WHAT TO WORK ON:
The reply should hold every line of the data below, unchanged, and none of the pictures.

RAW DATA:

↓↓↓

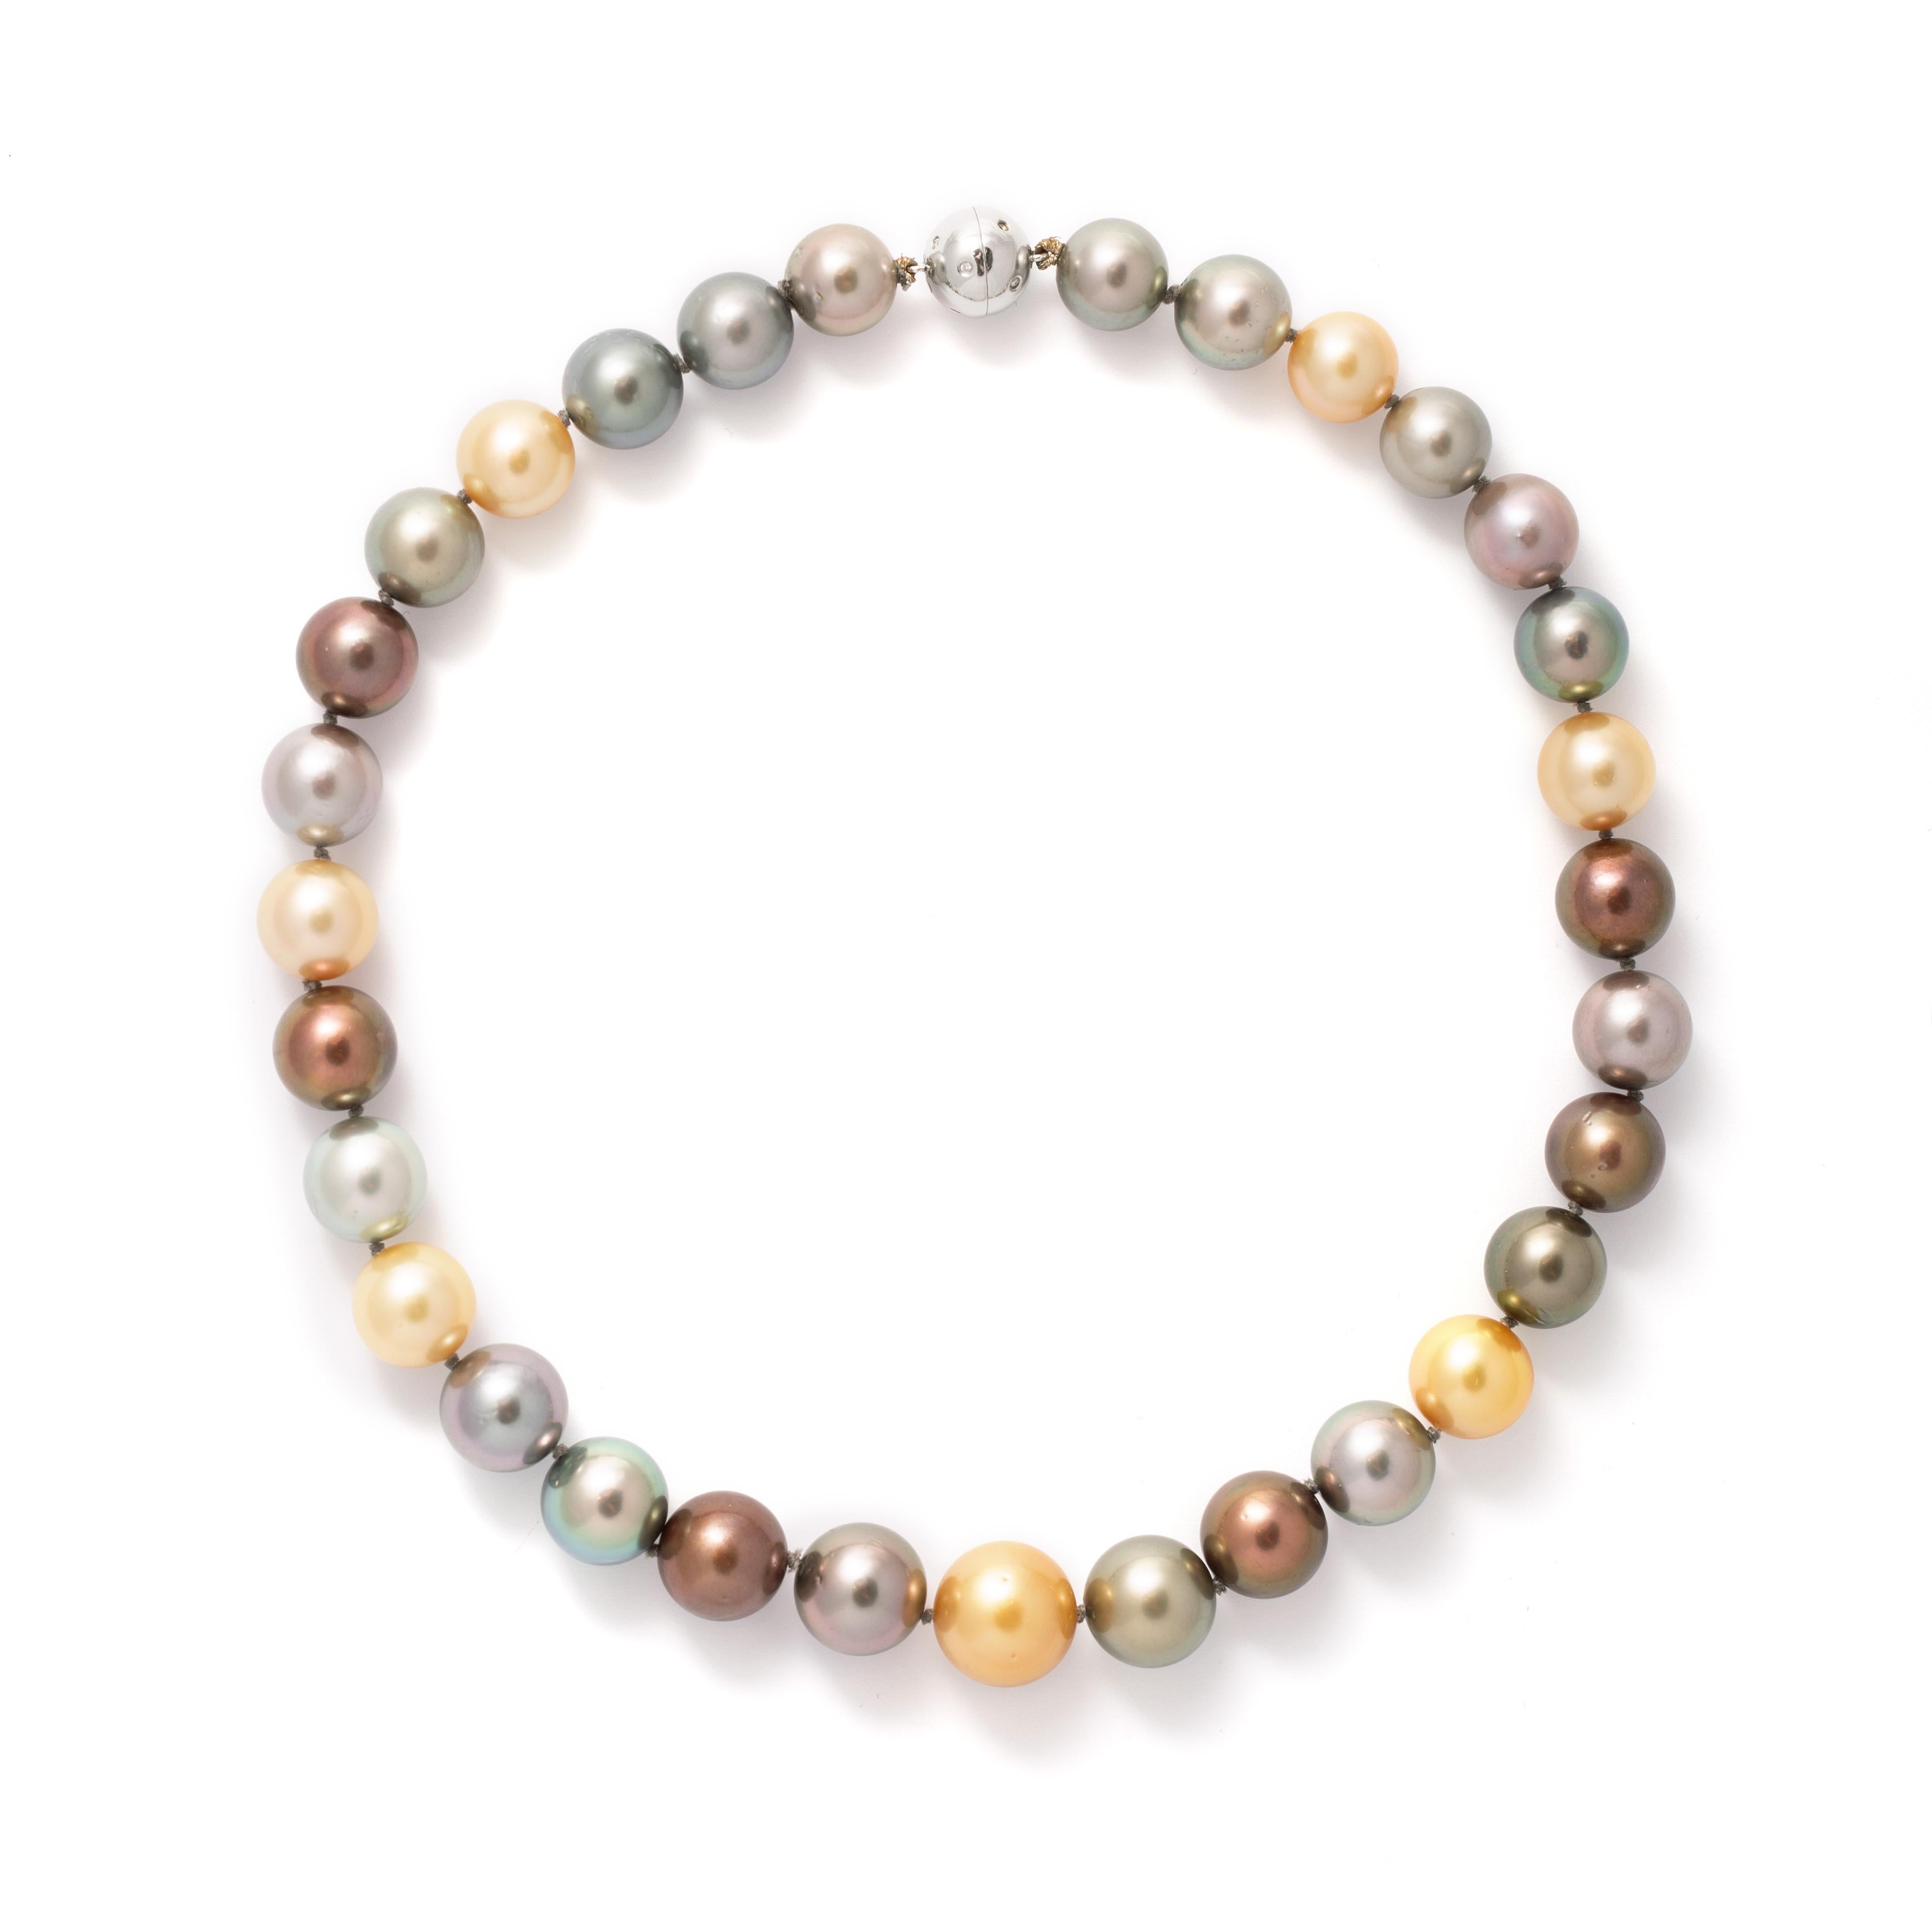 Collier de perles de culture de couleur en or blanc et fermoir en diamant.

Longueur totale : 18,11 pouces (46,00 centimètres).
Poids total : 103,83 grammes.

↑↑↑

SOLUTION BELOW:
 Collier de perles de culture de couleur en or blanc et fermoir en diamant.

Longueur totale : 18,11 pouces (46,00 centimètres).
Poids total : 103,83 grammes.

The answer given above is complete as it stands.